Trying to cleanse the mirror
February 11, 2010 1 Comment
One month into my second semester as a college sophomore, and it’s gone by both slow and fast. I know that sounds really cliche, but it’s true. As an accounting major now, a lot of my time is spent in front of an Excel spreadsheet. Don’t get me wrong, I still have a social life. The friends I have now are a true blessing. I don’t know where I’d be without them. A problem is, though, I don’t know how they see me. Even I am unsure of the kind of person I really am. I figured that my excursion to Europe last semester would help me to see what kind of person I really am. But now I feel like I know the other people in the Vienna group better than I know myself. While in Europe, I noticed how much I was not aware of, whether about the world, or even myself. Have I thrown mud on the mirror that showed who I believed to be myself?

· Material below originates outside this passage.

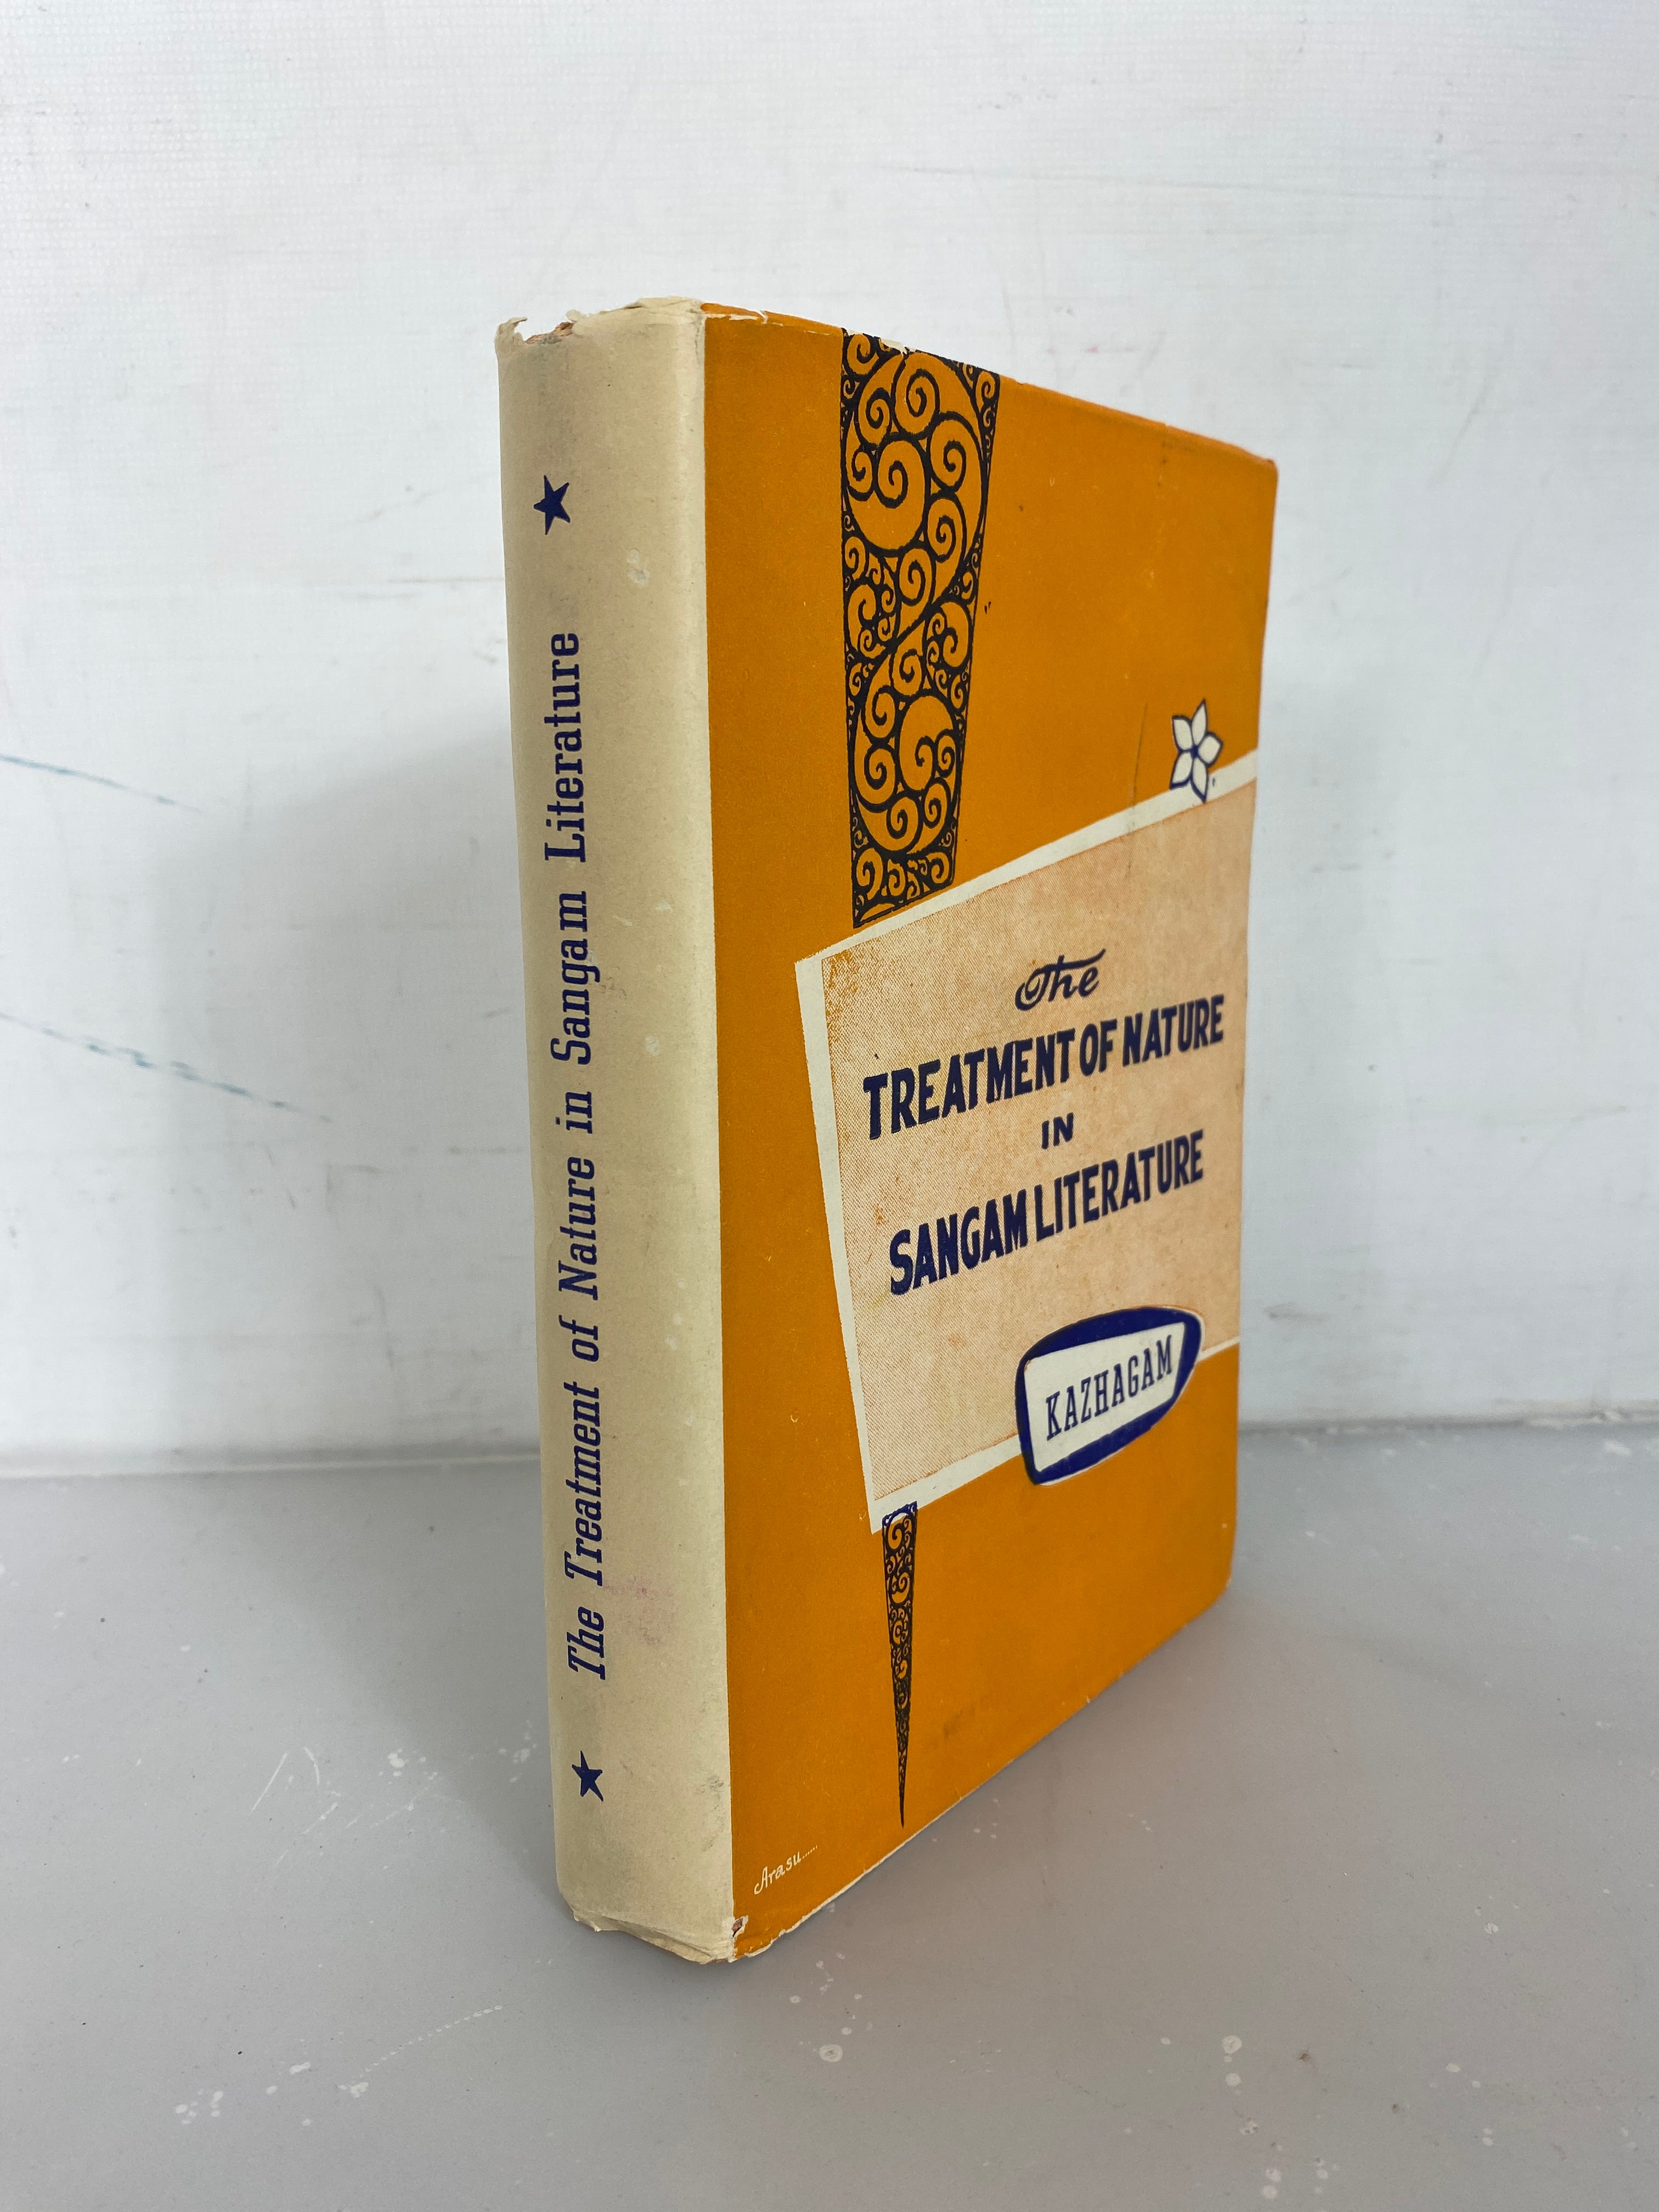 Lot of 3 Tamil Literature Books: The Treatment of Nature in Sangam Literature (1969) and The Golden Anthology of Ancient Tamil Literature Volumes II and III (1959-1960) HC DJ

I was driving around earlier, playing my i-pod on the auxilary. The last song that played was “In Christ Alone”. Funny, because that was the same song I suggested to sing while at a mission trip in Chemnitz, Germany. I used that song because I wanted them to know that, wherever they may be, they still have Jesus as their hope, and he is the only one that can rescue them. So when I listened to that song again last night, I came to realize that I need to also tell myself that Jesus is my only hope. Deep down inside, I’m lost. I don’t know what path I’m on, or what path I should take. Maybe I’m trying to find hope in the wrong places. Maybe I feel like I’ve made so many mistakes, that I didn’t just trip over a rock on the path, but I fell off a cliff. And in the process of falling off a cliff, I landed on my head, causing me to lose my memory. What can I do to regain my memory? What can I do to wash off the mud off that mirror? By finding the help I truly need, which only Jesus can provide.
Jimmy, that was so good! I love your insight and …wow … I never took you for a writer but you’ve got a gift! God Bless!